Cuando José Jara, director de “El transexual” y “El oasis de
las chicas perdidas”, enseñaba esta película a sus alumnos de Realización, la
desazón era generalizada: actores horribles, narración aburrida y sosa, guión
acartonado, vamos, la antítesis de todo lo que le hace a uno engancharse a una
pantalla.
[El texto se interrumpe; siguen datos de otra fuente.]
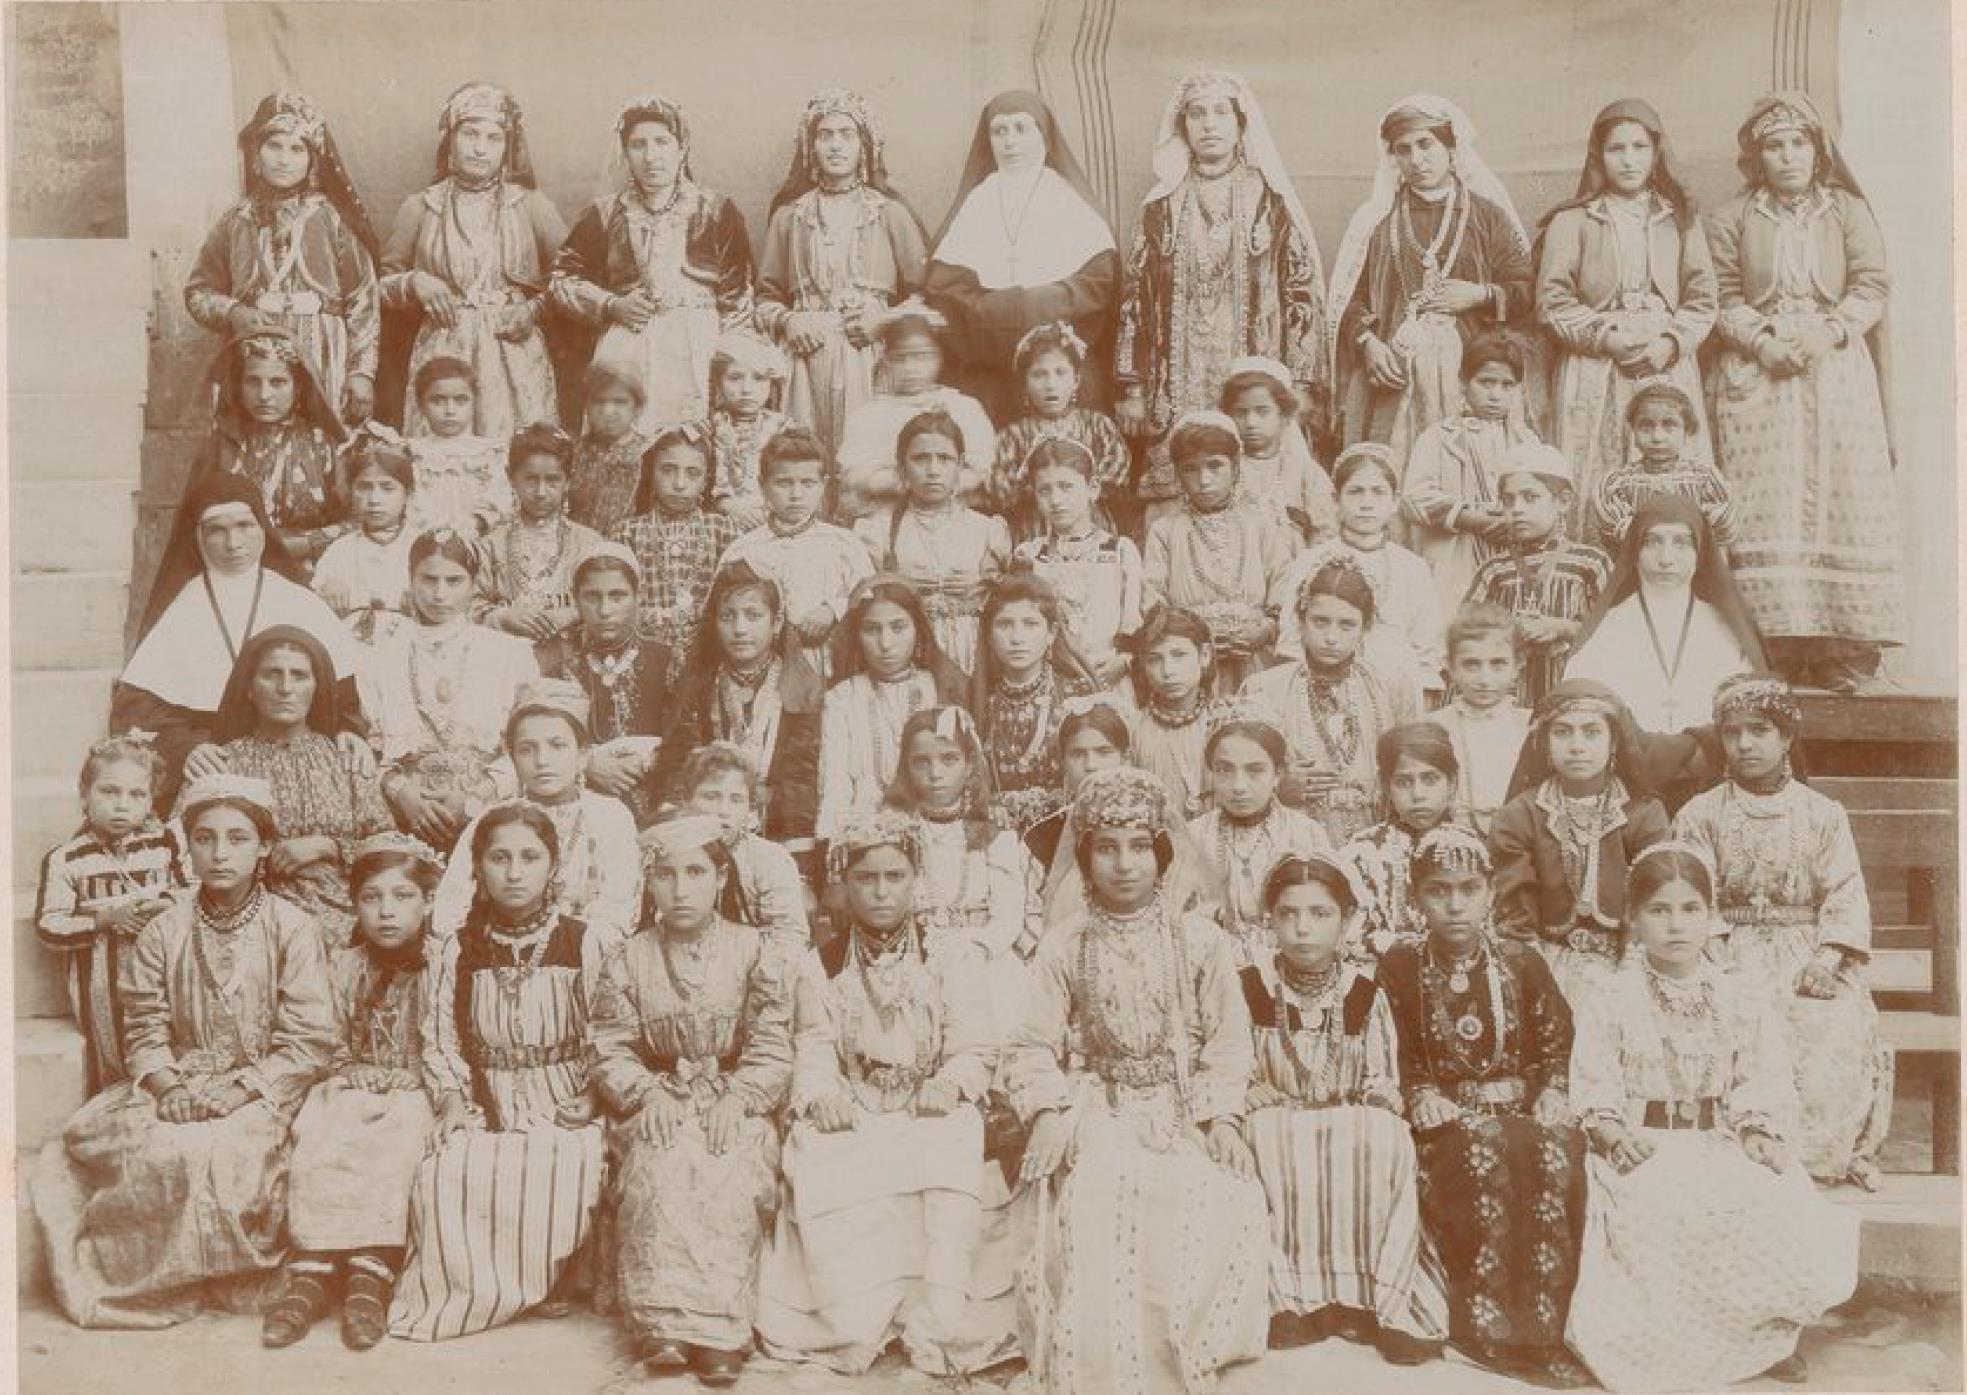 Урфа. Францисканские монахини, учителя и ученики миссионерской школы

A mí aquello me fascinó bastante, me parecía una especie de
adaptación de Dostoievski producida por la Monogram, con una economía de medios
que bien podía haber sido dictada por la penuria y un contenido moral en plan
cine-club de parroquia que resultaba exótico entonces, y lo sigue resultando,
en una época en que, si no le ríes las gracias a Jordan Belfort, debes de ser
un amargado que no sabe disfrutar la vida.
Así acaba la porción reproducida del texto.